I haven't tried that. I just flashed Lean Kernel. Also it doesn't matter which version of stock I flash ICS, 4.1 or 4.2 wifi doesn't work on any of them. I also tried relocking and unlocking the bootloader but still nothing.

I know some other people have had this same problem but the only resolution I have seen on the forum is to flash an alternate kernel. that is not a problem for me but if I borked up something at some point I would kind of like to know what is going so I don't do it again in the future.

A fix would be nice but it is kind of hard to triage on a forum.


----------



## DR3W5K1 (Feb 19, 2012)

Anyone think it could have anything to do with missing or corrupt EFS data?


----------



## JClavin (Jun 16, 2011)

Have you tried rebooting your router? I know that a lot of custom kernels create a randomly-generated MAC address which is different than the one that comes pre-programmed into your device. Maybe your router is blocking your hardware's stock MAC address that's showing up when you're running stock, but the custom kernel is allowing it to work. You don't have a static IP based on MAC addresses, do you??


----------



## tiny4579 (Oct 21, 2011)

JClavin said:


> Have you tried rebooting your router? I know that a lot of custom kernels create a randomly-generated MAC address which is different than the one that comes pre-programmed into your device. Maybe your router is blocking your hardware's stock MAC address that's showing up when you're running stock, but the custom kernel is allowing it to work. You don't have a static IP based on MAC addresses, do you??

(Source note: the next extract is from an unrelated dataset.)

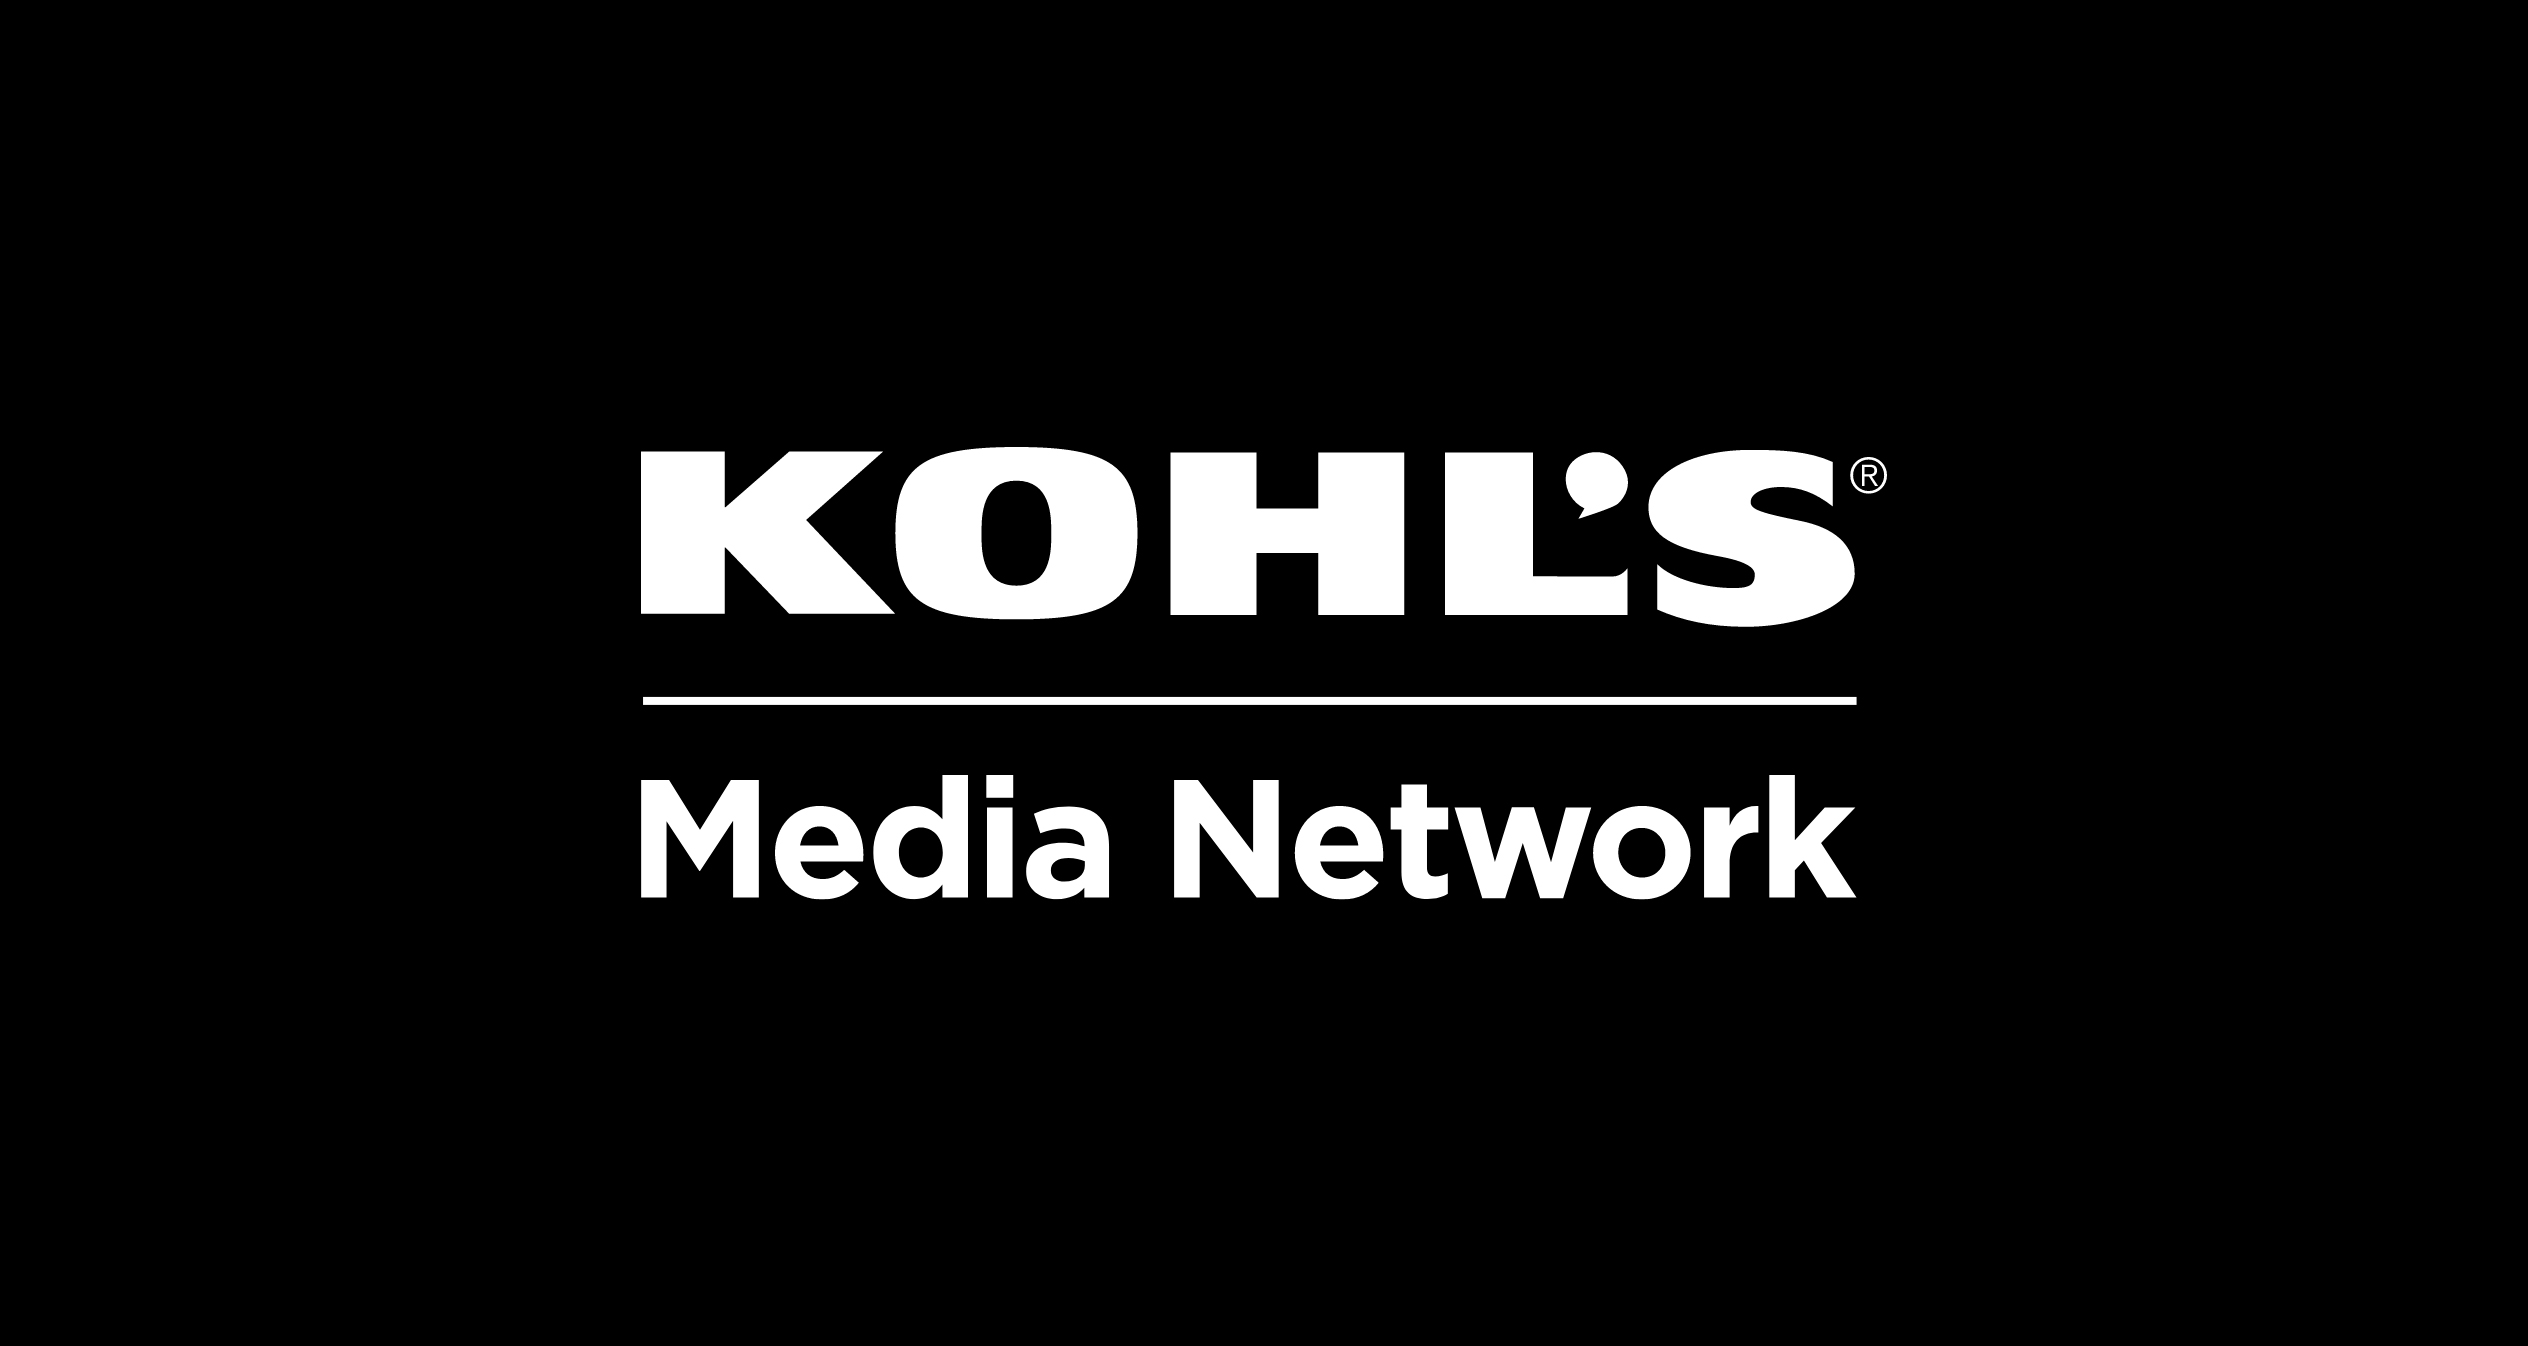 https://corporate.kohls.com/content/dam/kohlscorp/news/2022/july/media/Kohls-Media-Network-logo.jpg/jcr:content/renditions/original

the mac address patching many kernels doesn't assign mac addresses to the device if the device already has a non random mac. What it does is give the device a consistent MAC address if one isn't passed by the bootloader. This happens on some devices.

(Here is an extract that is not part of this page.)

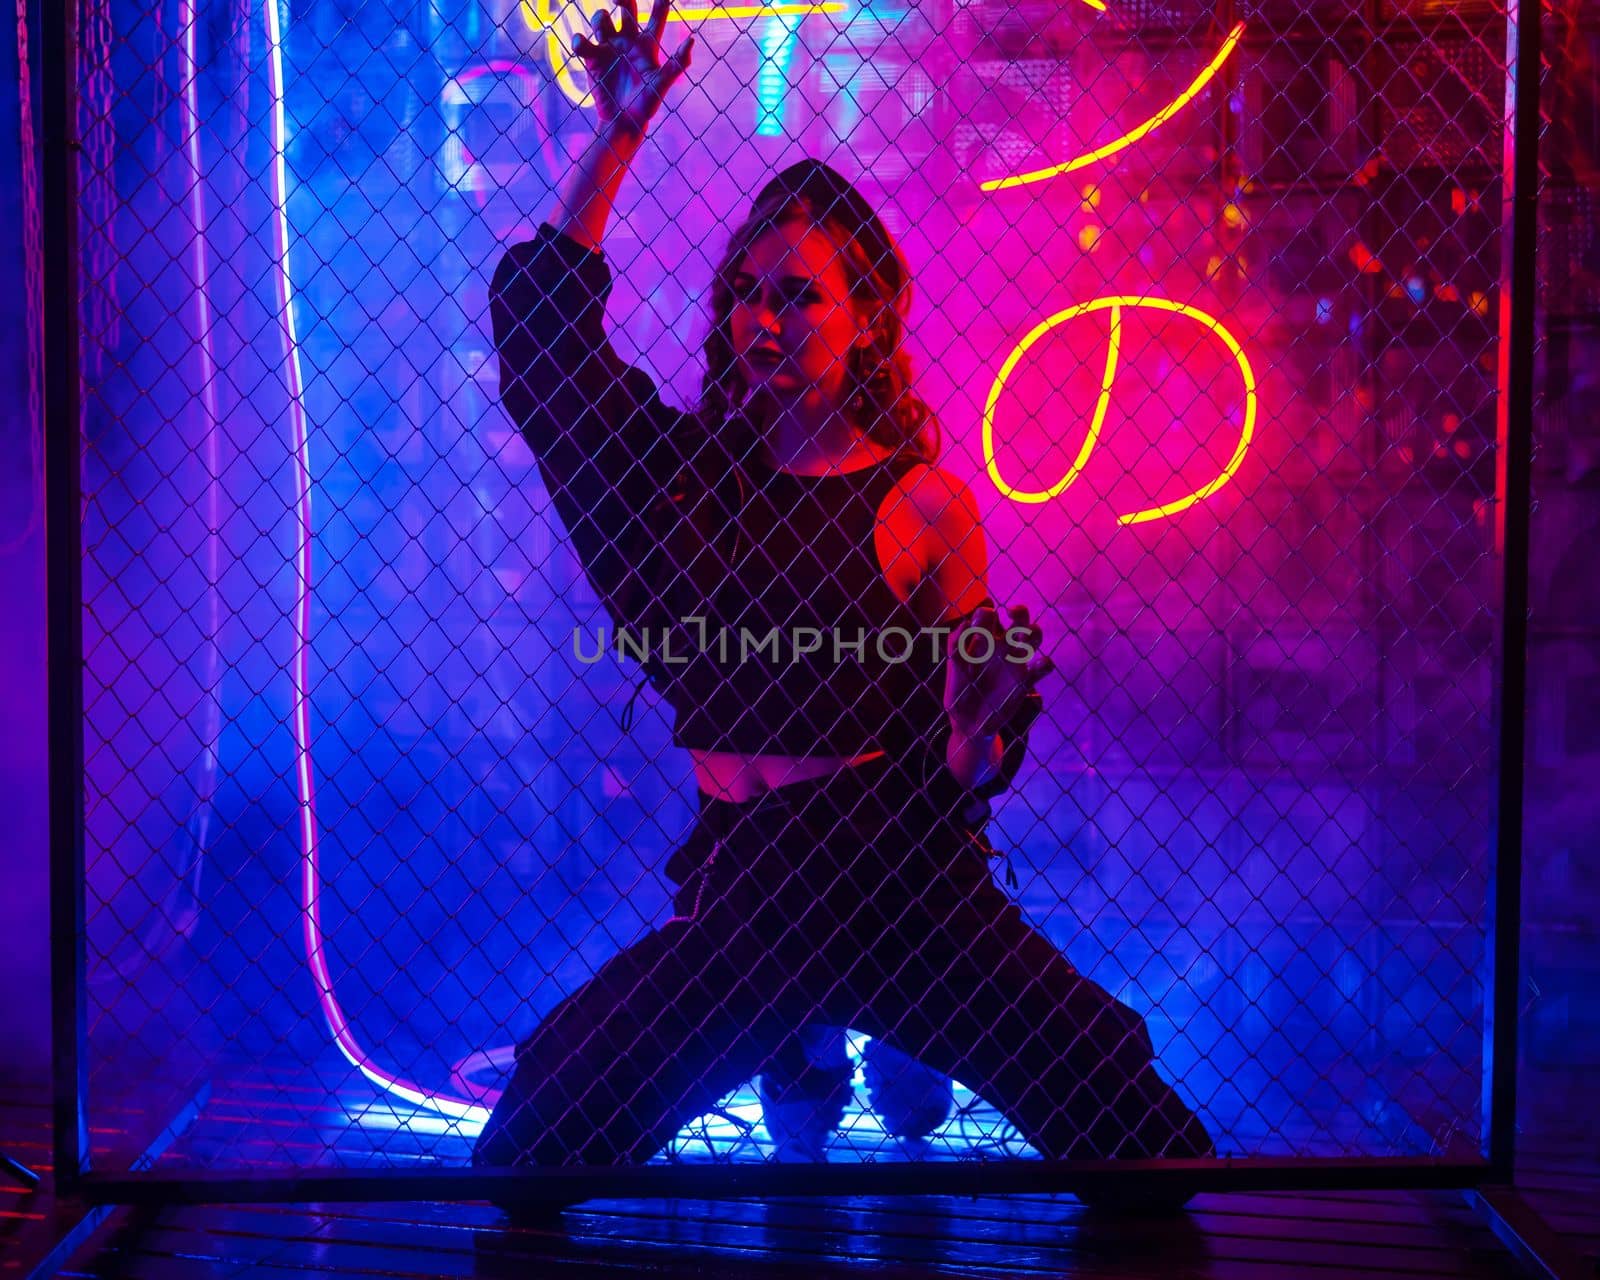 Caucasian woman in neon studio behind chain-link mesh

Sent from my Galaxy Nexus using Tapatalk 2


----------



## comk4ver (Feb 28, 2013)

Have you tried to flash stock kernel?

Sent from my Galaxy Nexus using RootzWiki


----------



## Hendrix17 (Feb 9, 2013)

go to ak's thread on xda and flash the "restore old wifi driver.zip" in your recovery...also might want to try fixing permissions and giving it extra time to connect...sometimes my phone will not connect to my wifi either on the first boot when using a new rom and/or kernel... here is the link to xda where you can find the restore wifi zip http://d-h.st/FtR


----------



## Migamix (Oct 9, 2011)

a. your efs partition is fried like mine (I sometimes wish I could enable/disable the MAC address on command , fun wardriving)

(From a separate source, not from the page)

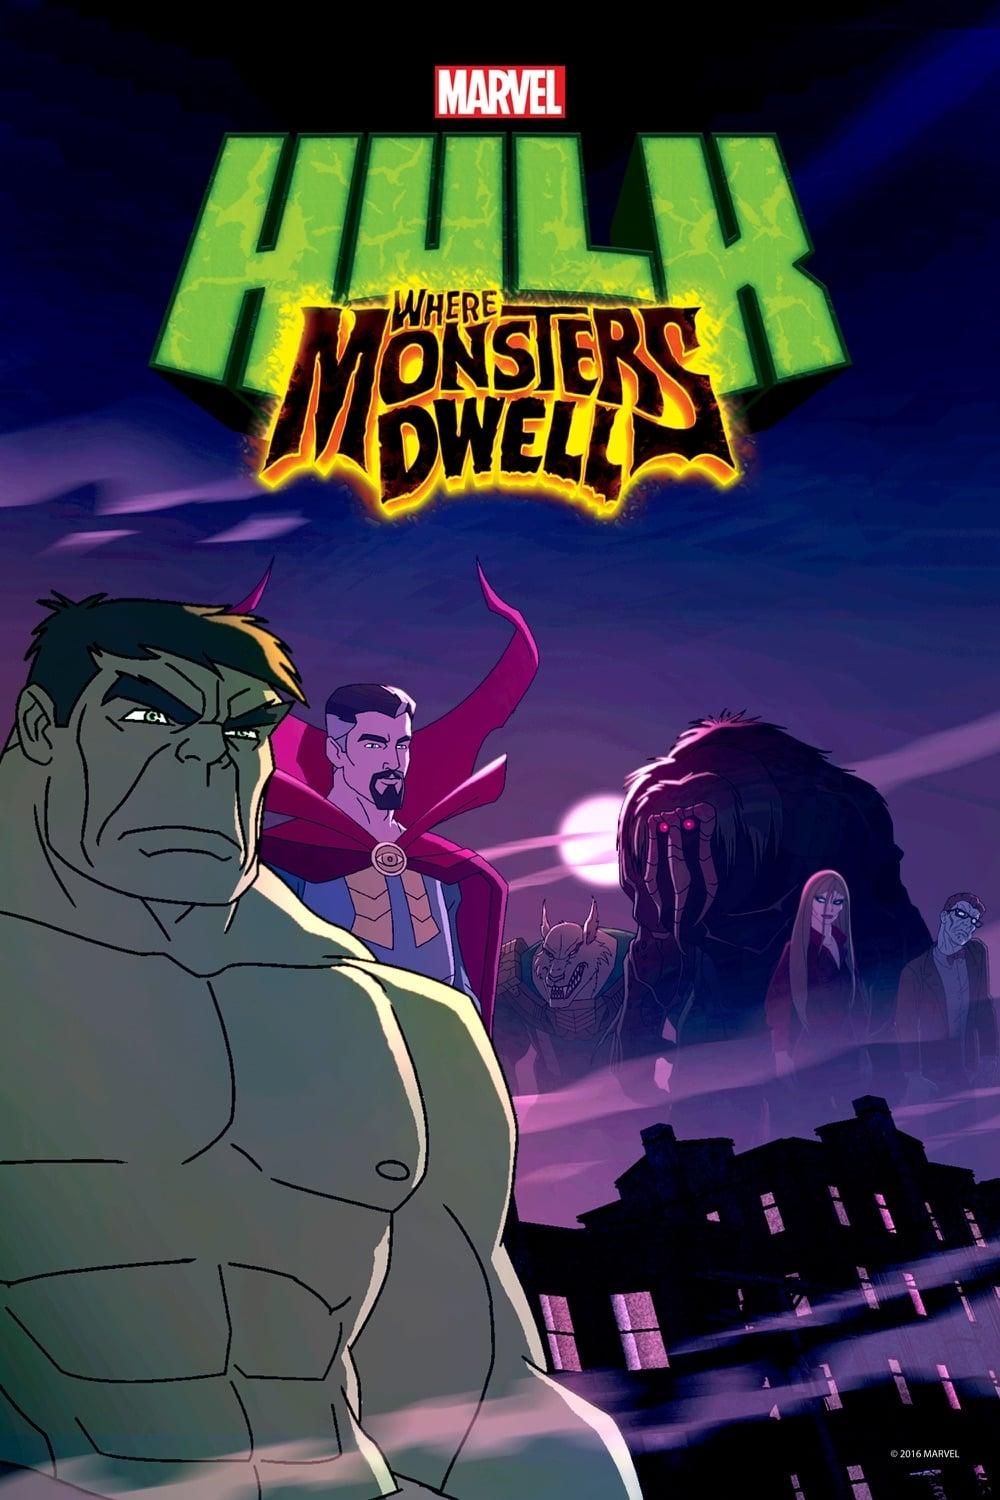 Hulk: Where Monsters Dwell poster

b. it sounds like you do have MAC filtering enabled on your router. linksys routers allow you to force an ip based on the device MAC,

so, until someone cares to create a way to restore or have the phone rebuild the information like what someone did with the DroidX, we are kinda SOL (I know it can be done, just that people use custom kernels as the satisfying workaround)


----------



## tiny4579 (Oct 21, 2011)

there is a way to restore the factory Mac address mentioned on xda. I can confirm it works on Toro. however it won't be the same Mac address as the custom kernel assigns but it will be the correct one and won't change regardless of kernel.

Sent from my HTC One using Tapatalk 4 Beta


----------